The first-generation Civic was introduced in July 1972 as a two-door coupe model, followed by a three-door hatchback that September. With a 1,169 cc transverse engine and front-wheel drive like the British Mini, the car provided good interior space despite overall small dimensions. Initially gaining a reputation for being fuel-efficient, reliable and environmentally friendly, later iterations have become known for performance and sportiness, especially the Civic Type R, Civic VTi, Civic GTi and Civic SiR/Si.
The Civic has been repeatedly rebadged for international markets, and served as the basis for the Honda CR-X, the Honda CR-X del Sol, the Concerto, the first generation Prelude, the Civic Shuttle (later to become the Orthia) and the CR-V (which, by extension, was used as the basis for the Honda FR-V).
The Civic is one of the all-time best-selling automobiles in the world, with over 27 million units sold since 1972 as of 2021.
Honda, after establishing itself as a leading manufacturer of motorcycles during the 1950s, began production of automobiles in 1963. Honda introduced its N360 minicar, compliant with Kei car specifications for the Japanese market, for the 1967 model year. The car had a transverse-mounted front-engine, front-wheel-drive (FF) layout, which would be adopted for the later Honda 1300 (1970) and Civic (1972) models.
The Civic gave Honda their first market success competing with manufacturers of standard compact cars, which was a growth segment as sales of kei cars plateaued and waned in the early 1970s.

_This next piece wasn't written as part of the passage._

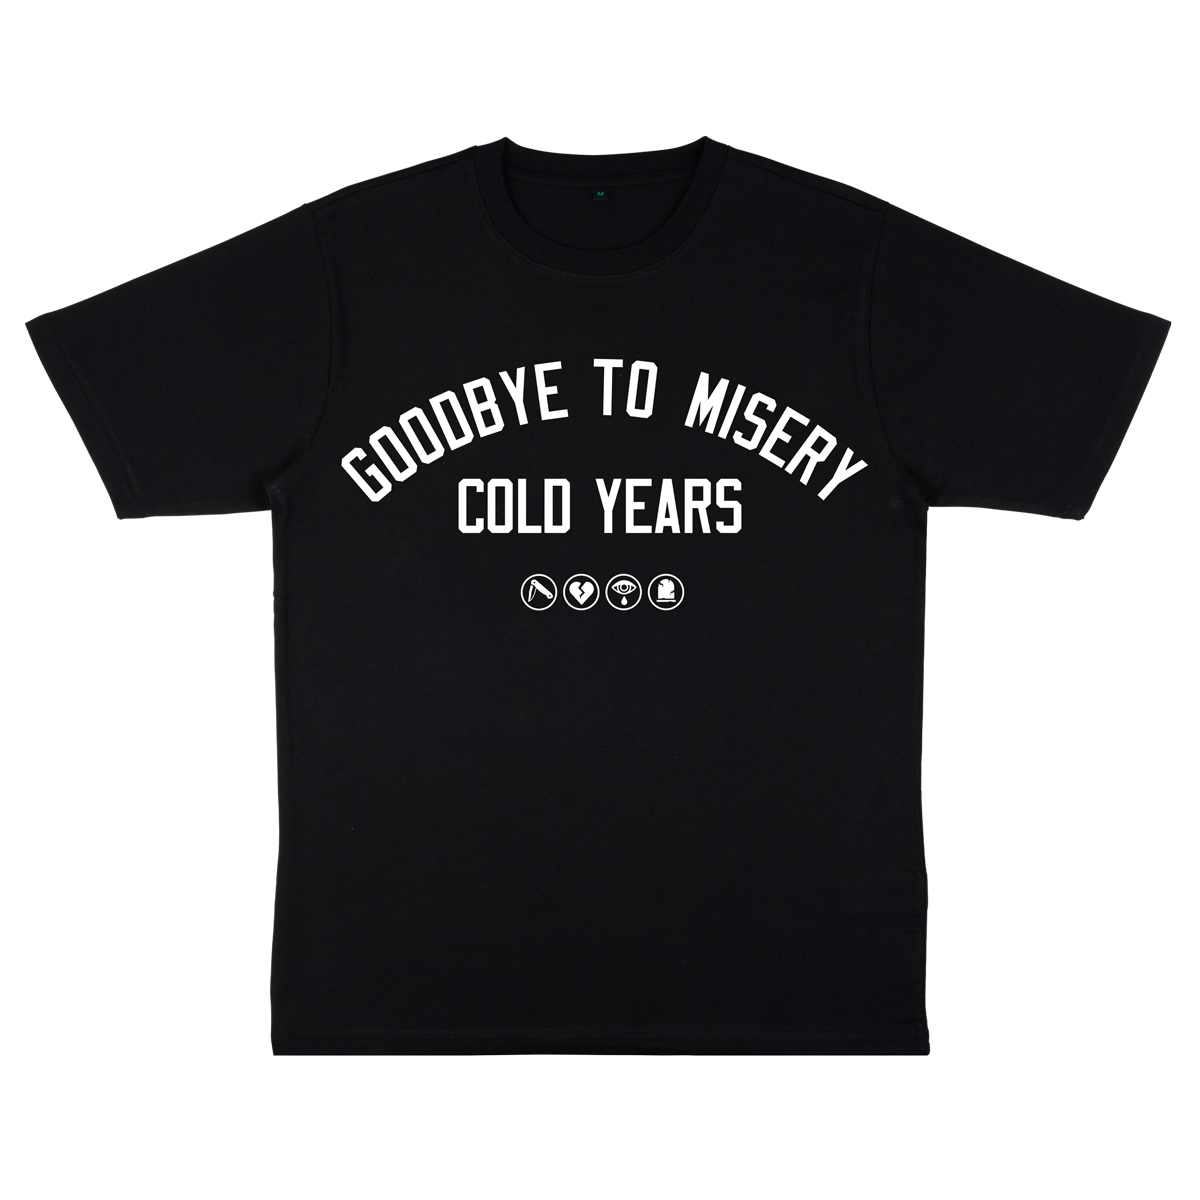 Cold Years - Goodbye to Misery "Varsity" T-Shirt

It was Honda’s first model to have an impact in the export market. It became one of the most influential automotive designs of the 1970s, with the Volkswagen Golf (1974), Ford Fiesta (1976), and Fiat Ritmo (1978) showing similarities as transverse-FF, truncated-trapezoidal hatchbacks occupying a size niche between minicars and compact sedans. The Renault 5 was introduced six months before the Honda Civic which appeared later in July.
Honda would later expand the Civic’s FF-compact design to produce the larger and more upmarket Accord (1976) and Prelude (1978) models. In Japan, the Civic was the first fully modern compact car in the European style, offering a level of prestige never before seen in this class in the market. The Civic quickly inspired Japanese domestic manufacturers to respond in kind, with models like the Mazda Familia AP, Daihatsu Charade, and Mitsubishi Mirage.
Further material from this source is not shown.